Error Handling: Implement retry logic for API failures
Rate Limiting: Respect API rate limits (use chunking, delays)
Logging: Log progress, errors, and data volumes
Idempotency: Ensure re-running the same date doesn’t cause issues
Data Validation: Validate critical fields before writing

Implementing the Crawler

The Crawler reads the raw Parquet files from S3 and loads them into Iceberg tables in the Glue Catalog.

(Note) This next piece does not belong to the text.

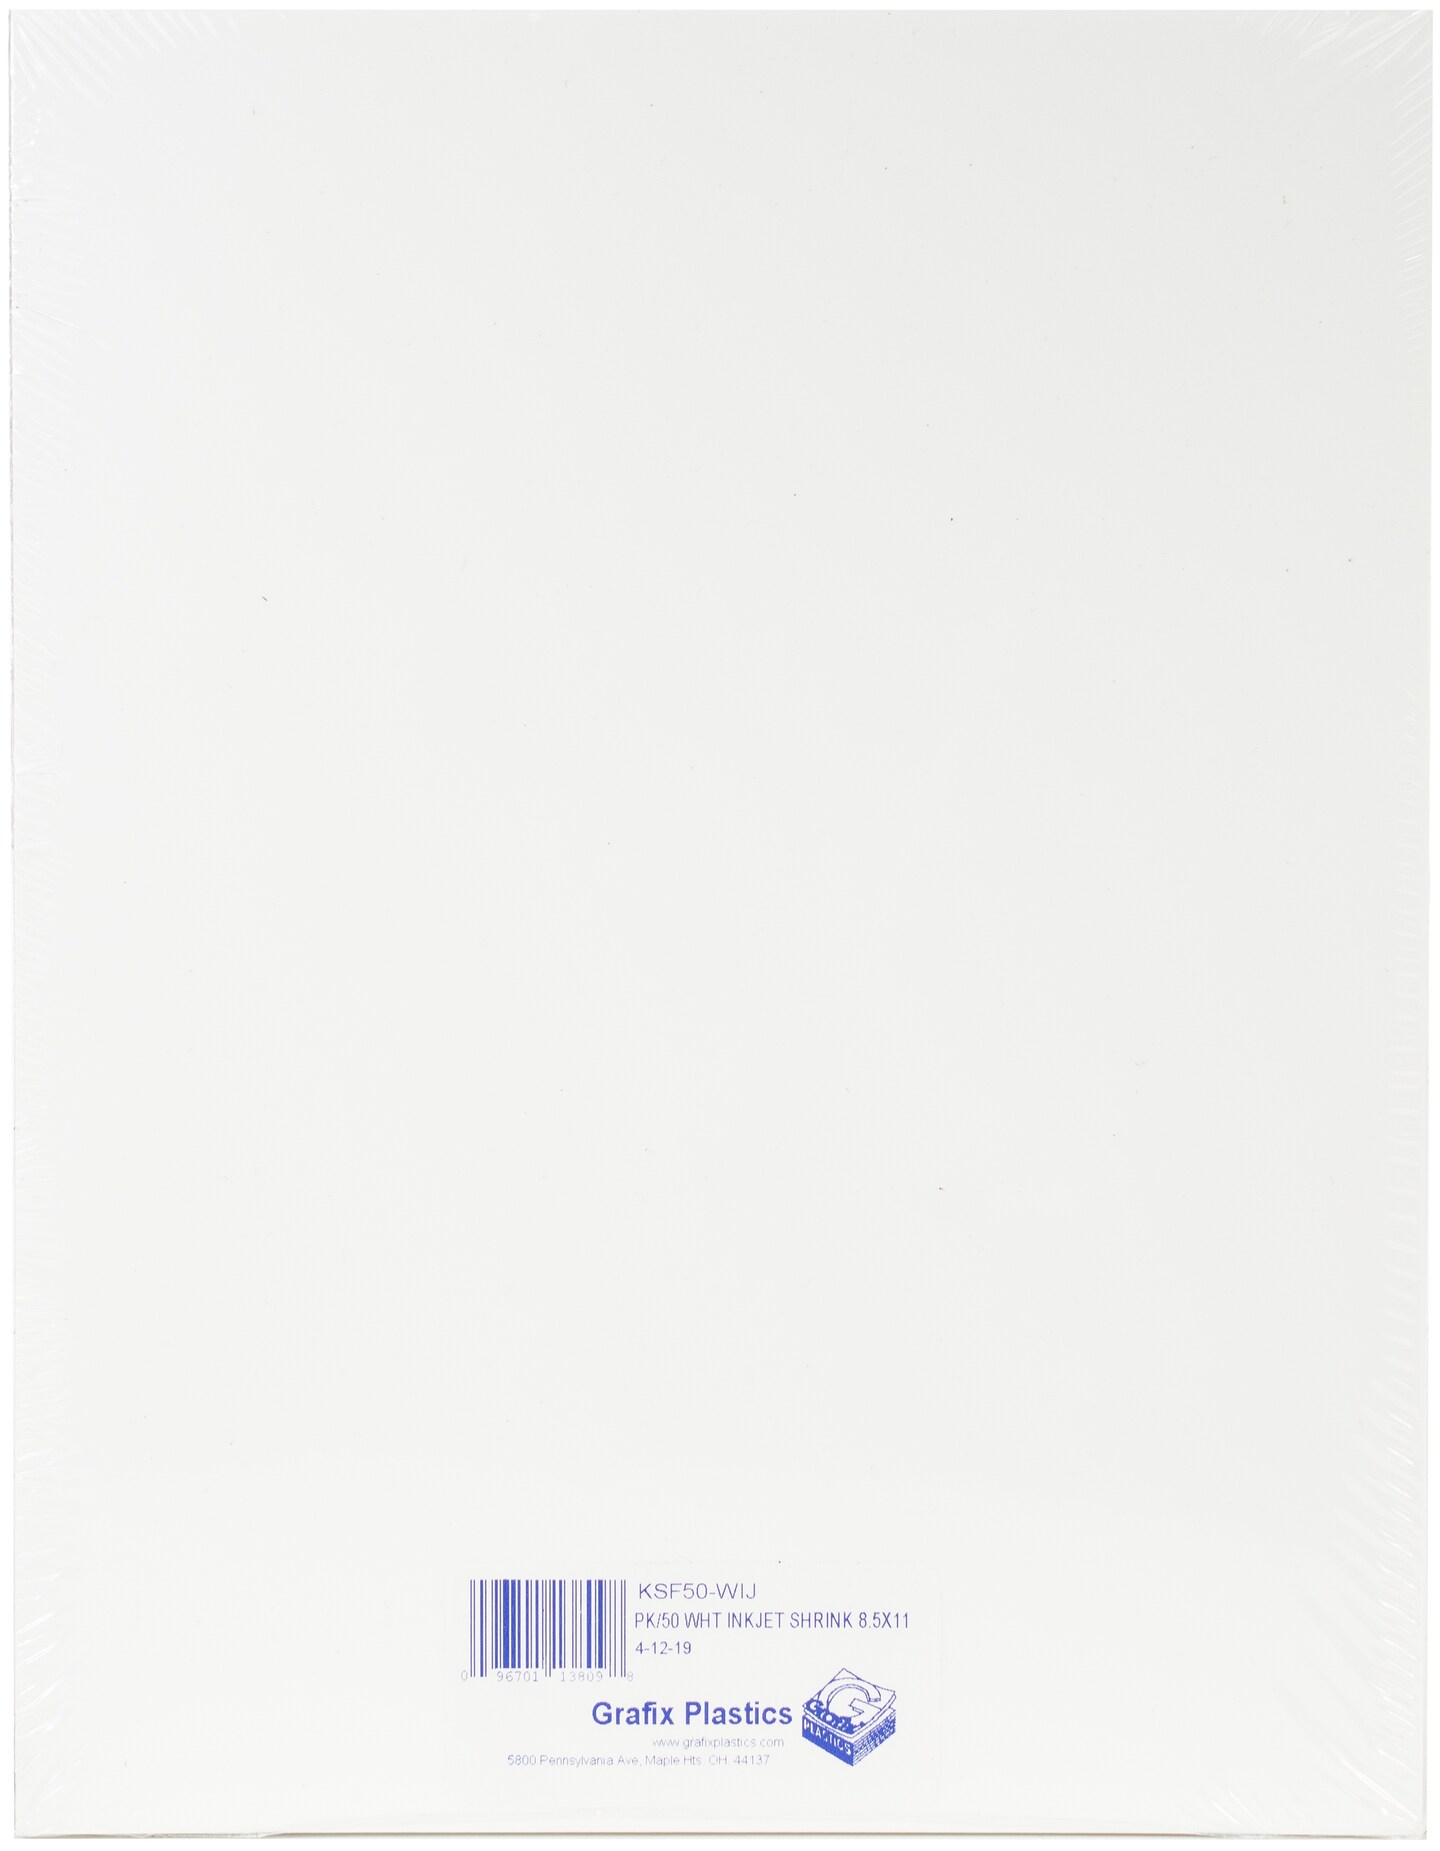 Shrink Plastic Sheets 10 Pcs 20x29cm/7.87x11.41 Inch -  Israel
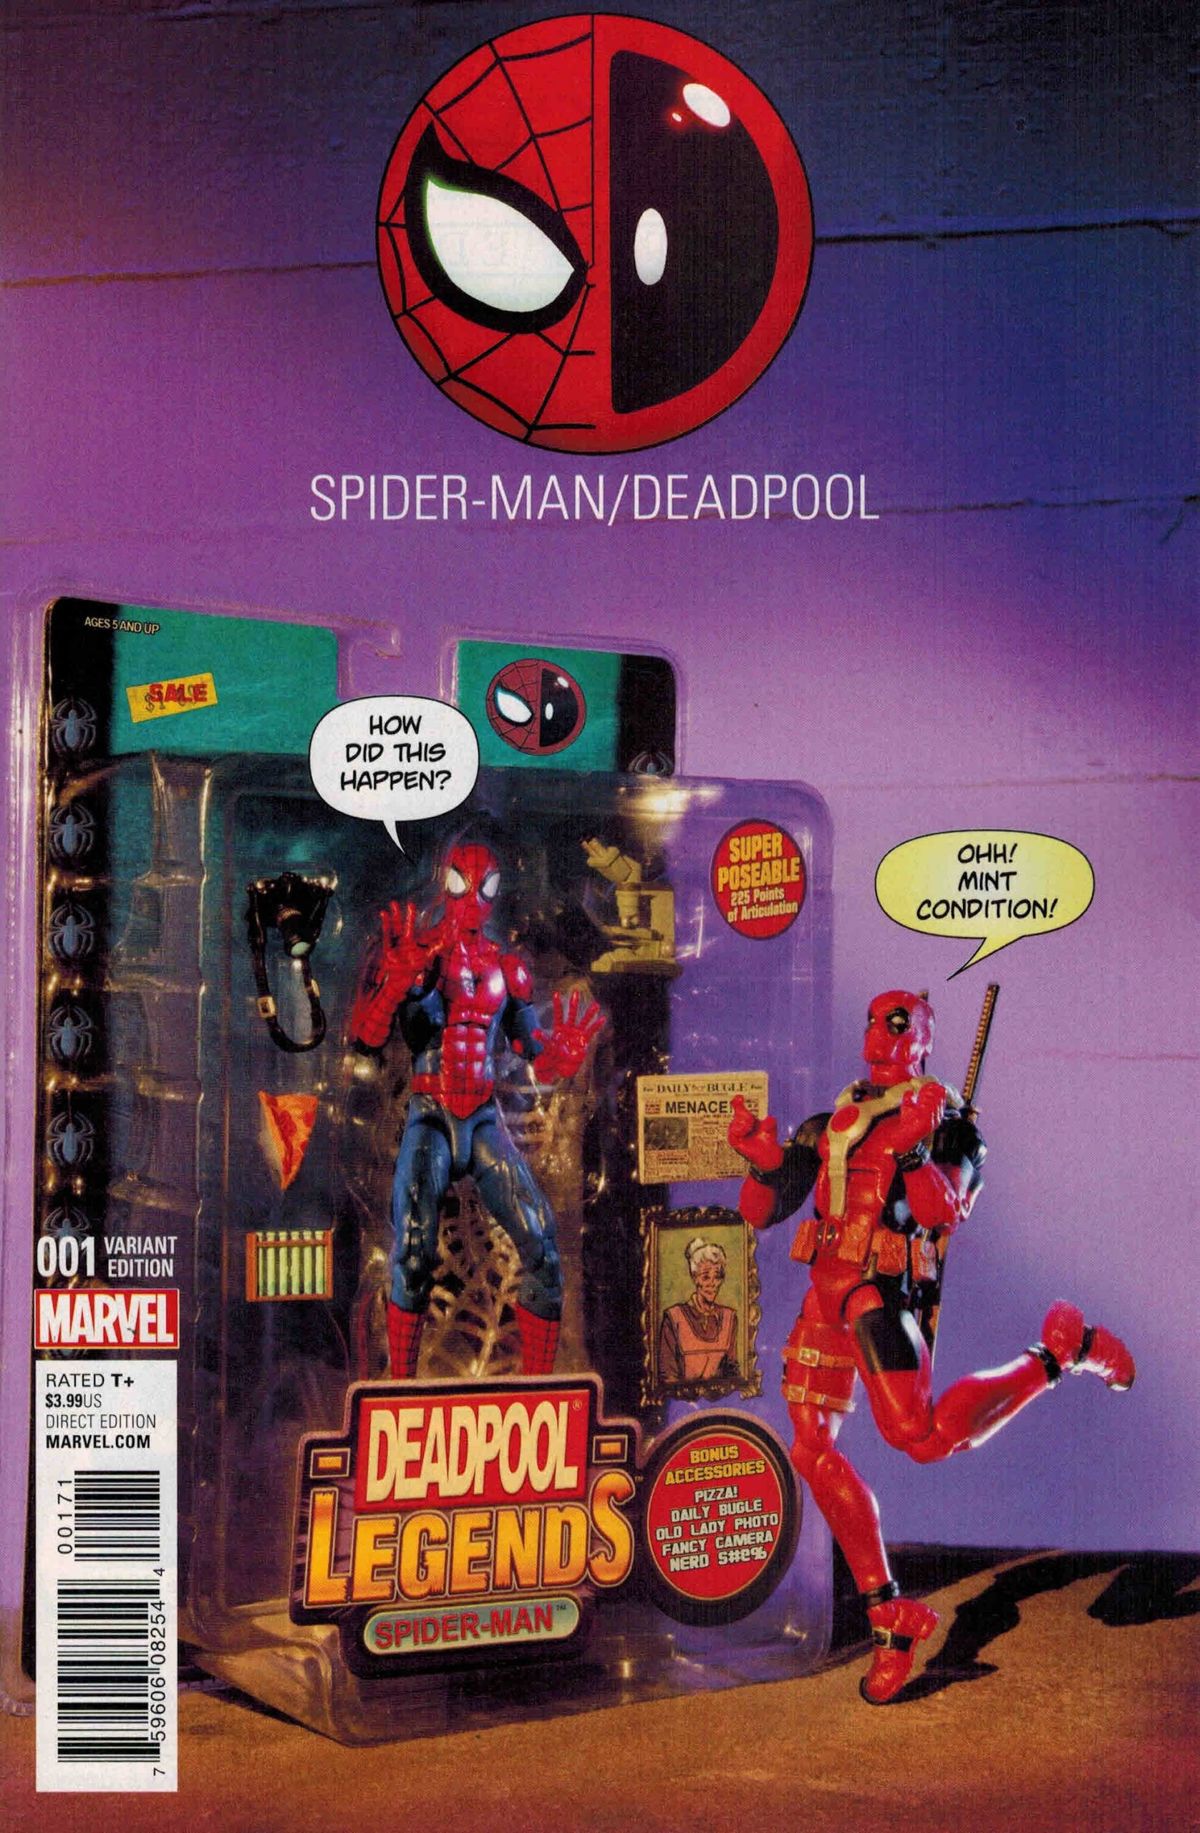 Spider-Man Deadpool #1 Action Figure Photo Variant Marvel 2016 Anad ... - 1 11 2016 26 ScaleD

Creating the Crawler Class

Create a new file: etl_lib/pipeline/crawlers/<pms_name>/<PMS>Crawler.py


from typing import Optional
from s3path import S3Path
from etl_lib.pipeline.crawlers.BaseCrawler import BaseCrawler
 
class <PMS>Crawler(BaseCrawler):
    """
    Crawler for <PMS> PMS data.
    
    Crawls data from S3 that was ingested by <PMS>Ingester and loads it into
    Iceberg tables in the Glue Catalog. Supports incremental crawling based
    on synced_date partitions.
    """
    
    def get_files_path(self, table_name: str, property_id: Optional[str] = None) -> S3Path:
        """
        Return S3 path for the given table.
        
        Args:
            table_name: Name of the table (e.g., 'reservations', 'customers')
            property_id: Property identifier (if property-partitioned)
        
        Returns:
            S3Path to the table data
        """
        if property_id:
            # Property-specific path
            return S3Path(f"/etl-gp-raw/ingest/{self.job_context.chain_id}/{table_name}/property_id={property_id}/")
        else:
            # Global path (for non-property-partitioned data)
            return S3Path(f"/etl-gp-raw/ingest/{self.job_context.chain_id}/{table_name}/")

How the Crawler Works

The BaseCrawler provides the core functionality:

Reads the crawler_config from your YAML file
For each table:
- Determines if it’s property-partitioned
- Finds all synced_date partitions in S3
- Creates or updates the Iceberg table
- Performs incremental append or full replace based on configuration
Handles schema evolution automatically (adds new columns)
Manages partitioning by property_id and synced_timestamp

Incremental vs. Full Reload

Incremental (incremental: true): Appends new synced_date partitions
Full Reload (incremental: false): Replaces entire table

Property Partitioning

Property-partitioned (property_partition: true): Data is organized by property in S3
Non-partitioned (property_partition: false): Data is global (e.g., shared customer data across properties)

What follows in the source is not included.